WHAT IS BEING ASKED> Exactly the lines from the one containing "Bauer Hockey BAUER" through the end of the data, and nothing more, should be retyped; pictures stay out.

COLLECTED MATERIAL>
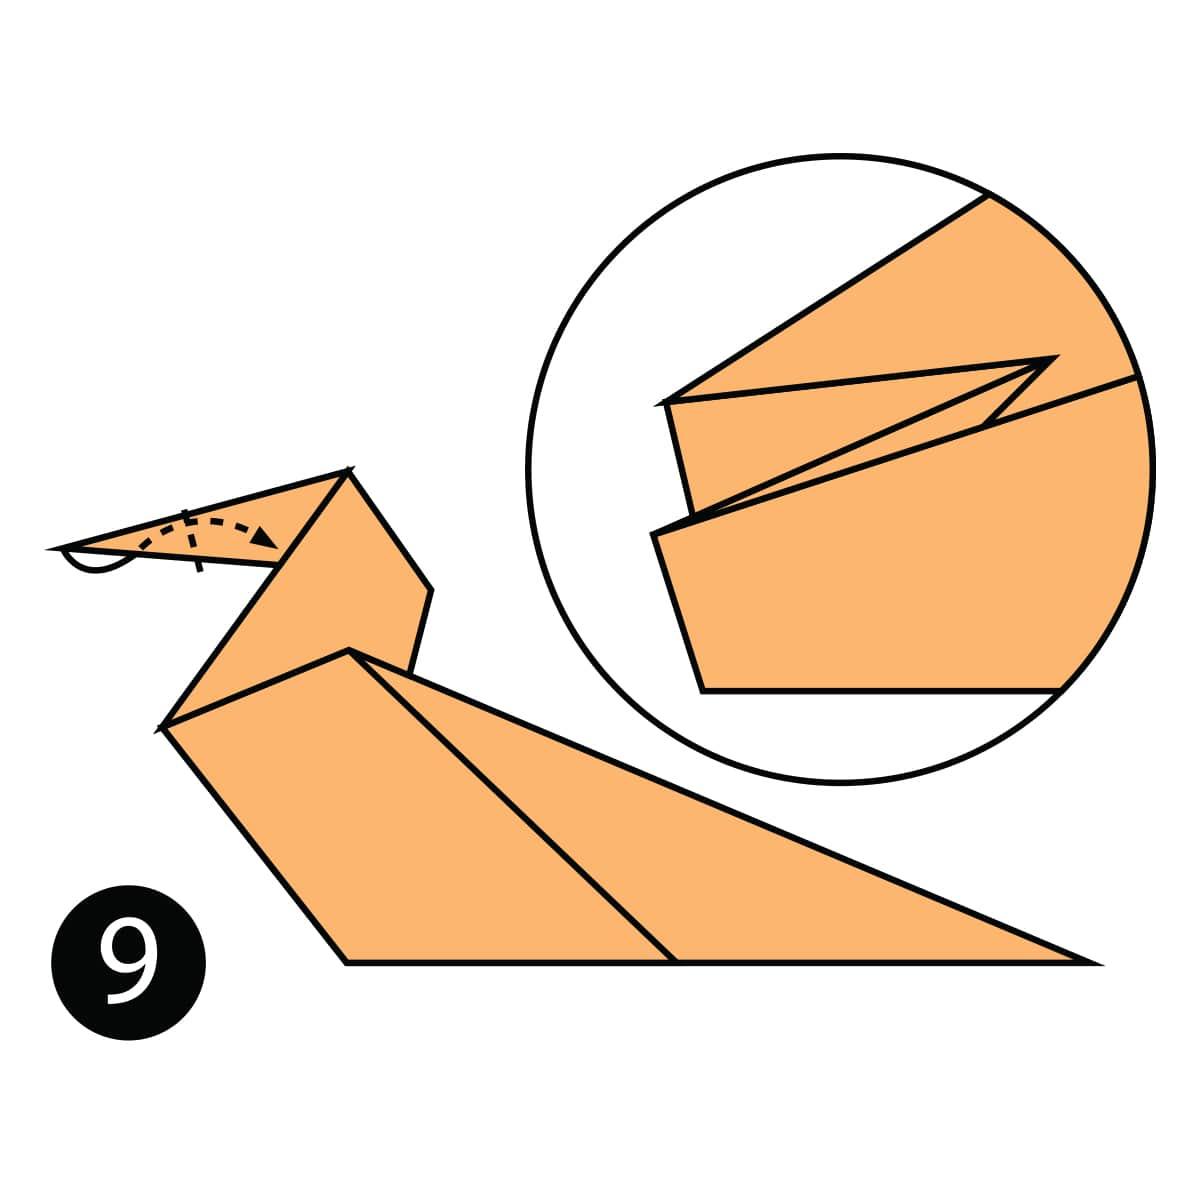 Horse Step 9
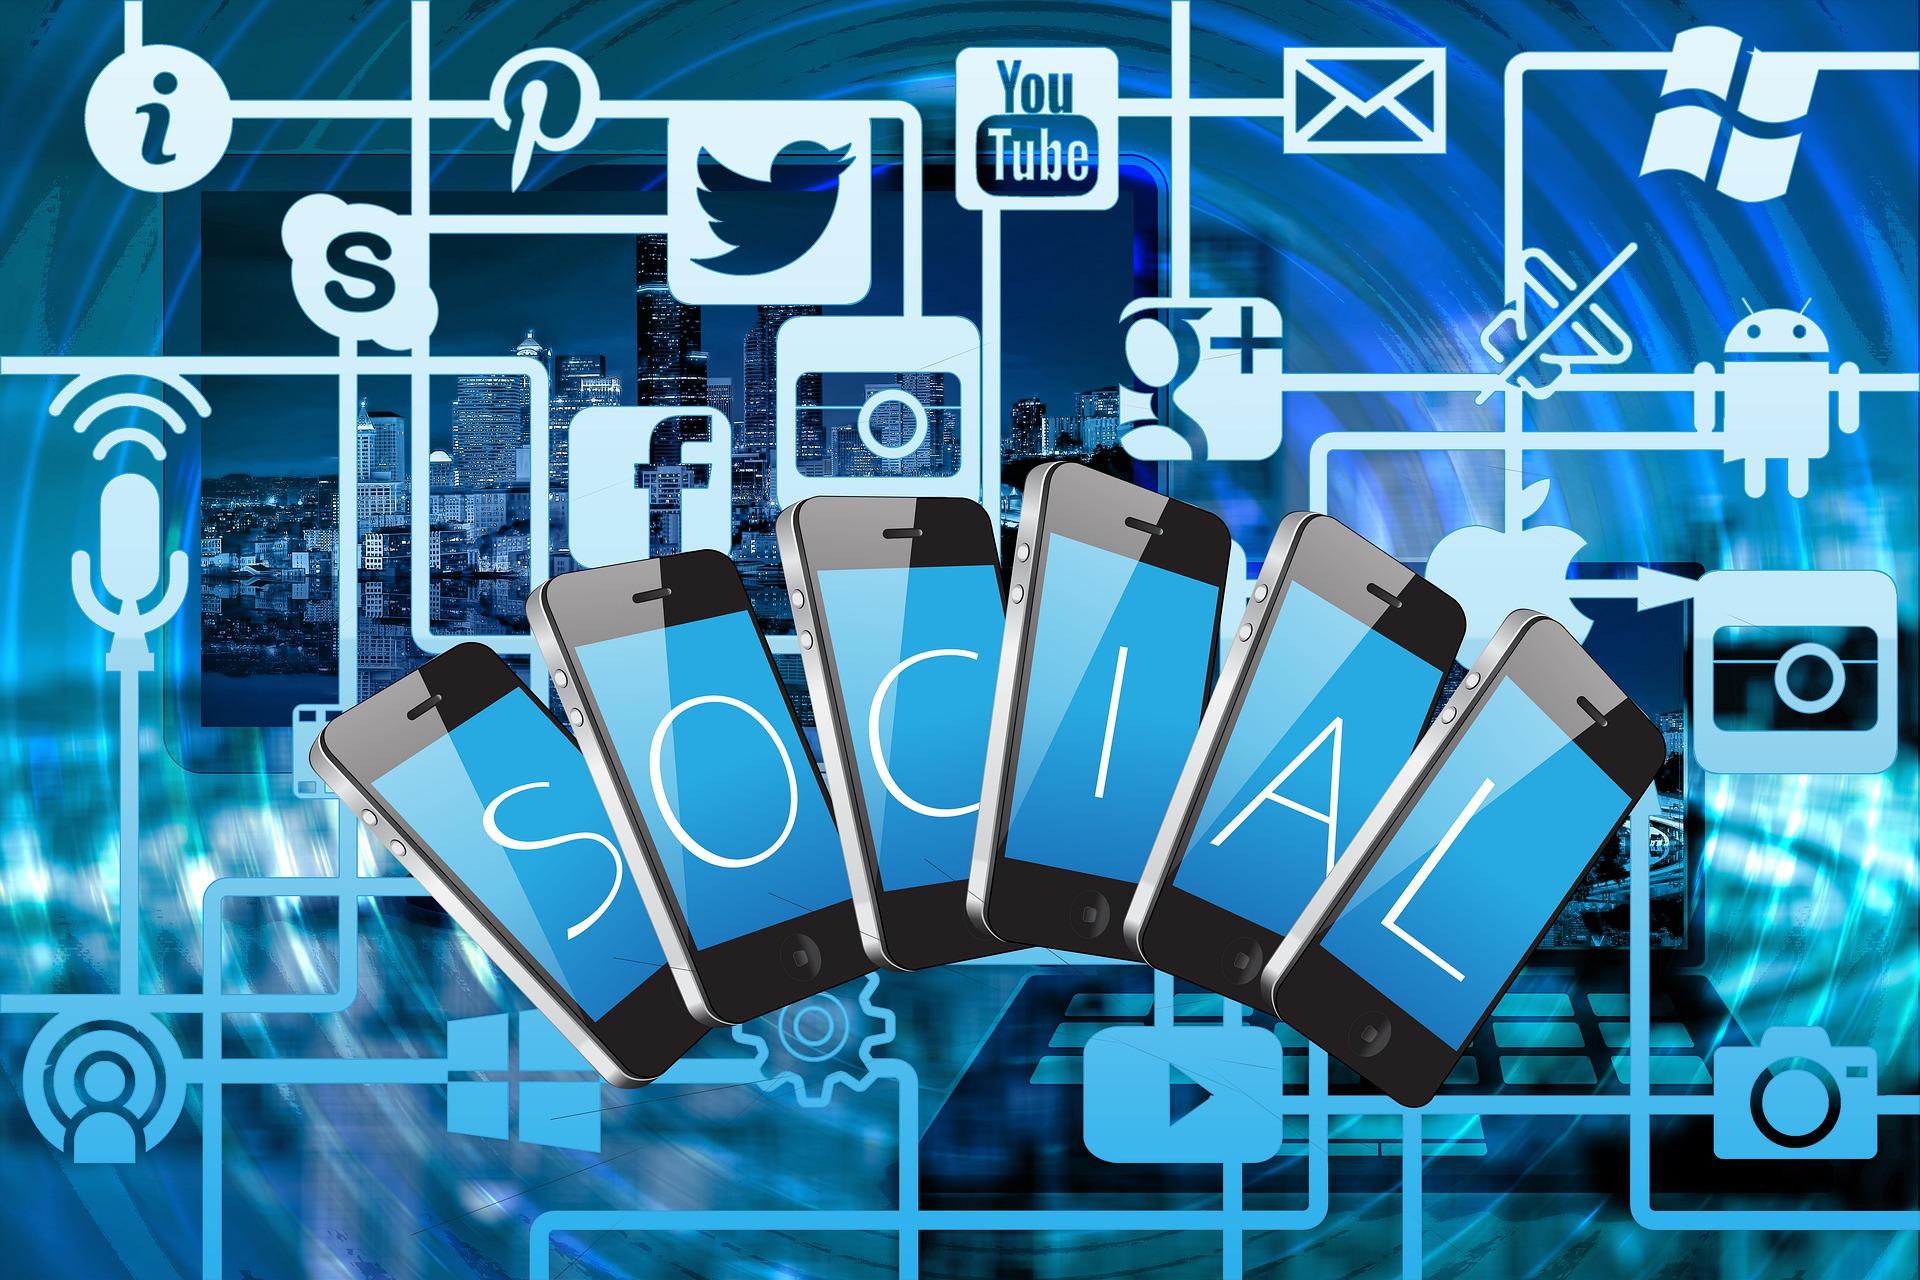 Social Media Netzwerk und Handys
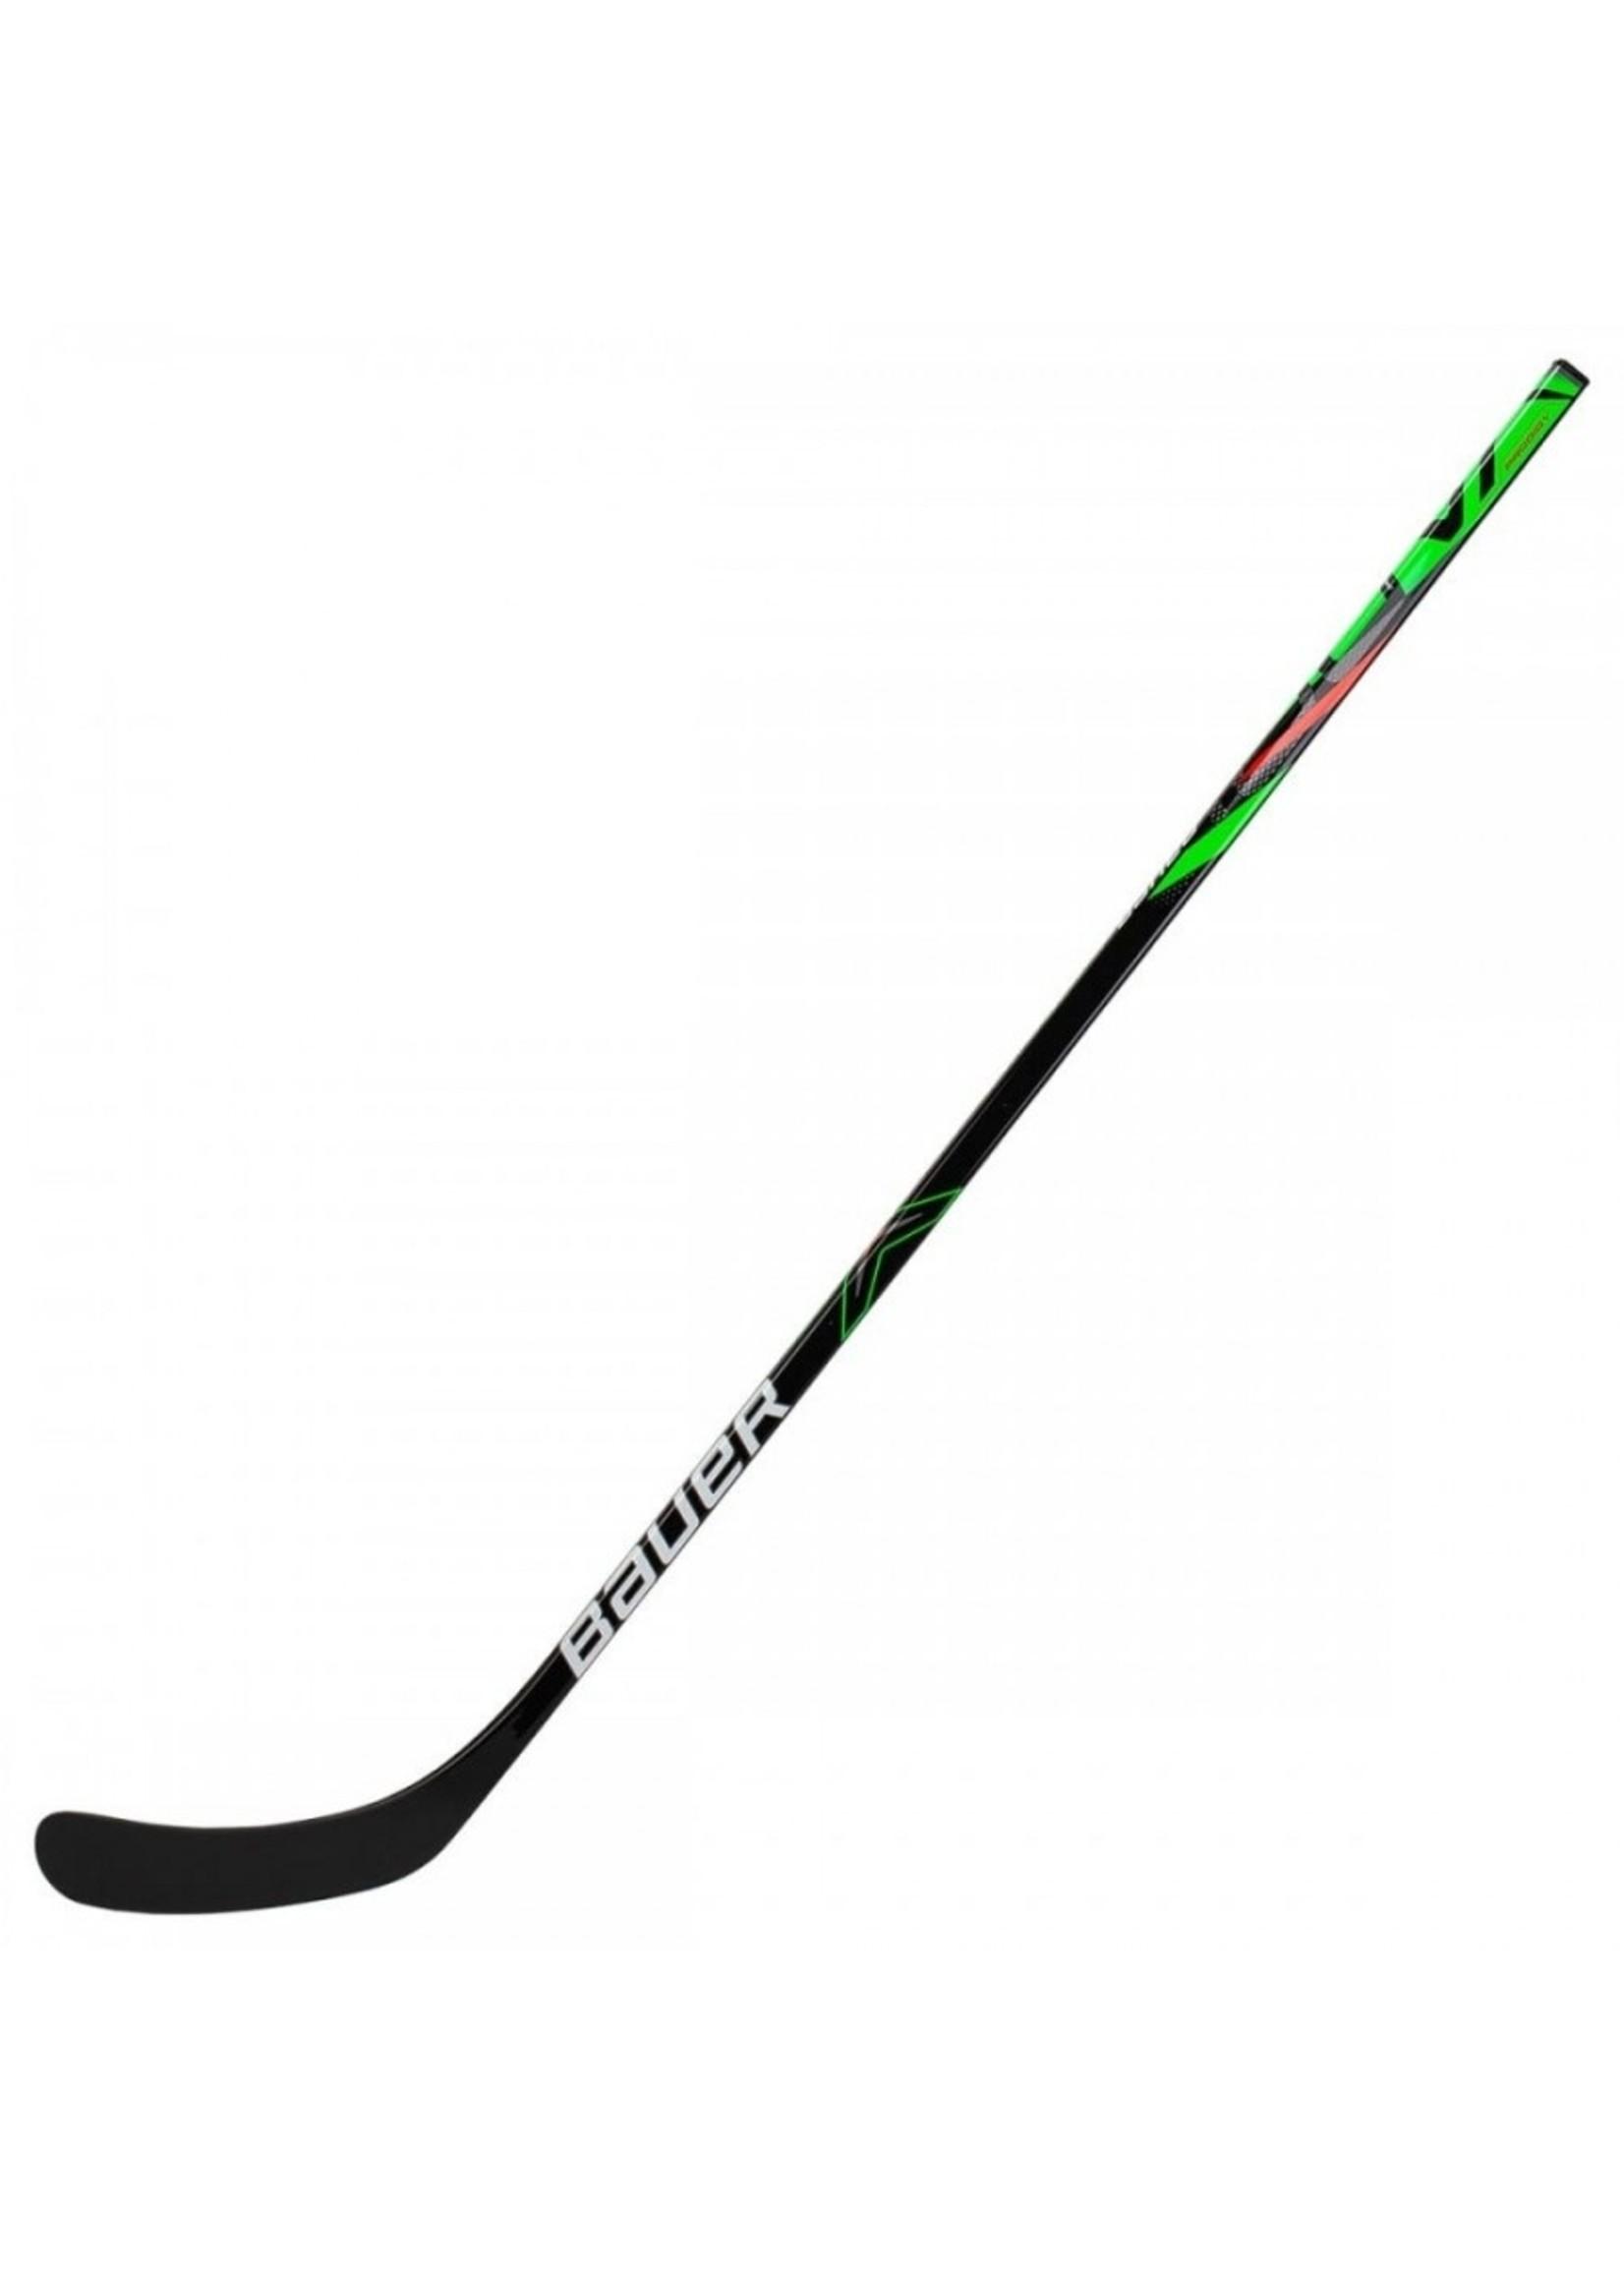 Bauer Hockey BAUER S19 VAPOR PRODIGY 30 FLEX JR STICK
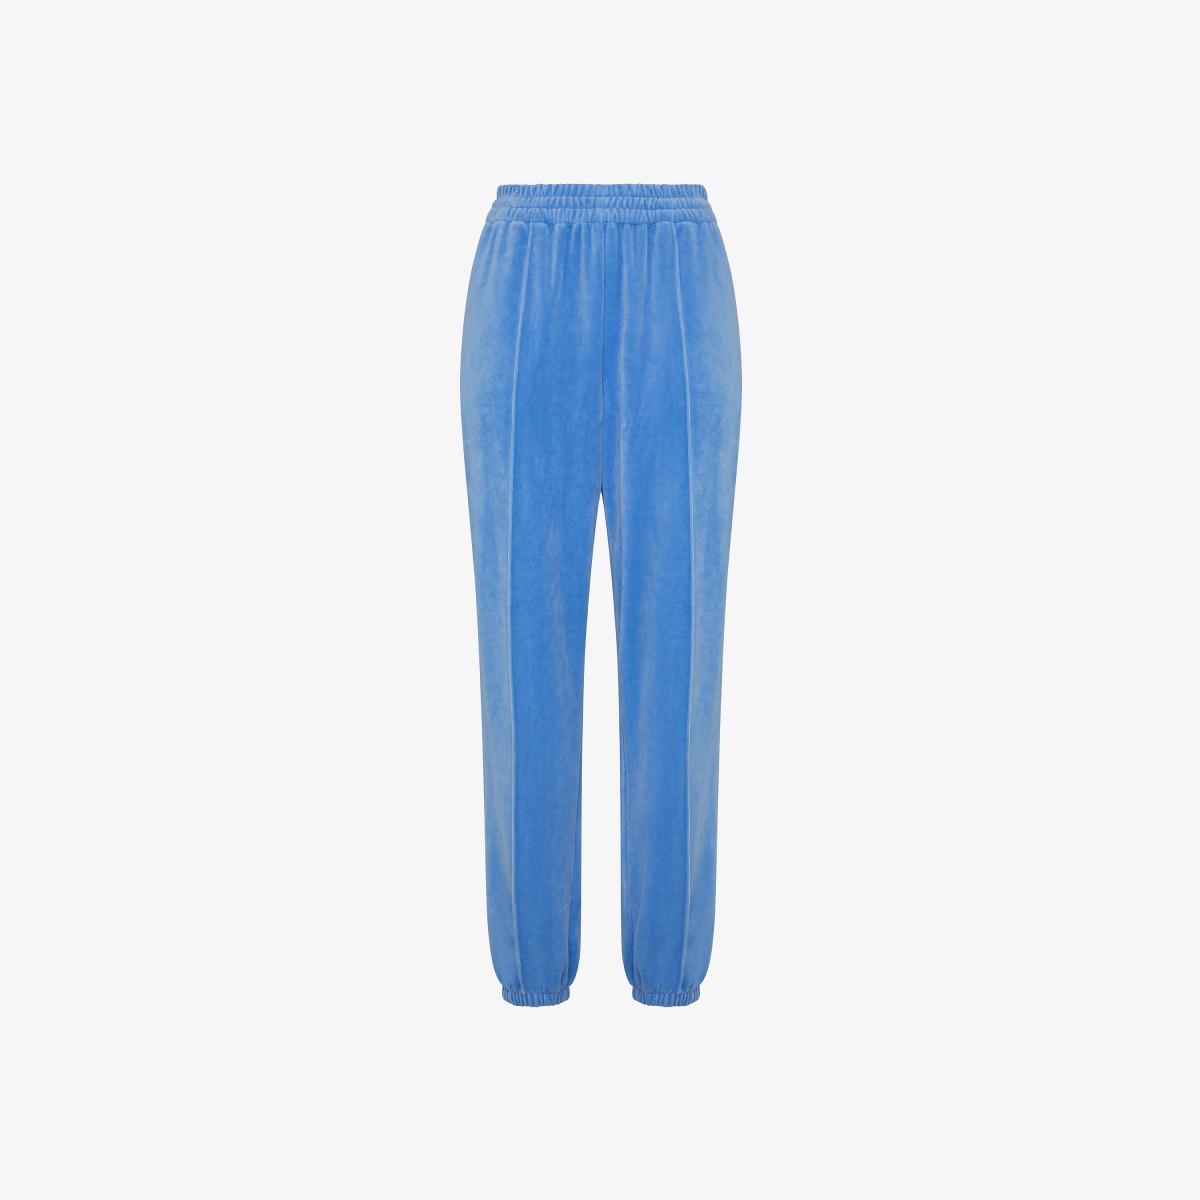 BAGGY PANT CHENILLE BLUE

RESPONSE BOX>
 Bauer Hockey BAUER S19 VAPOR PRODIGY 30 FLEX JR STICK
 BAGGY PANT CHENILLE BLUE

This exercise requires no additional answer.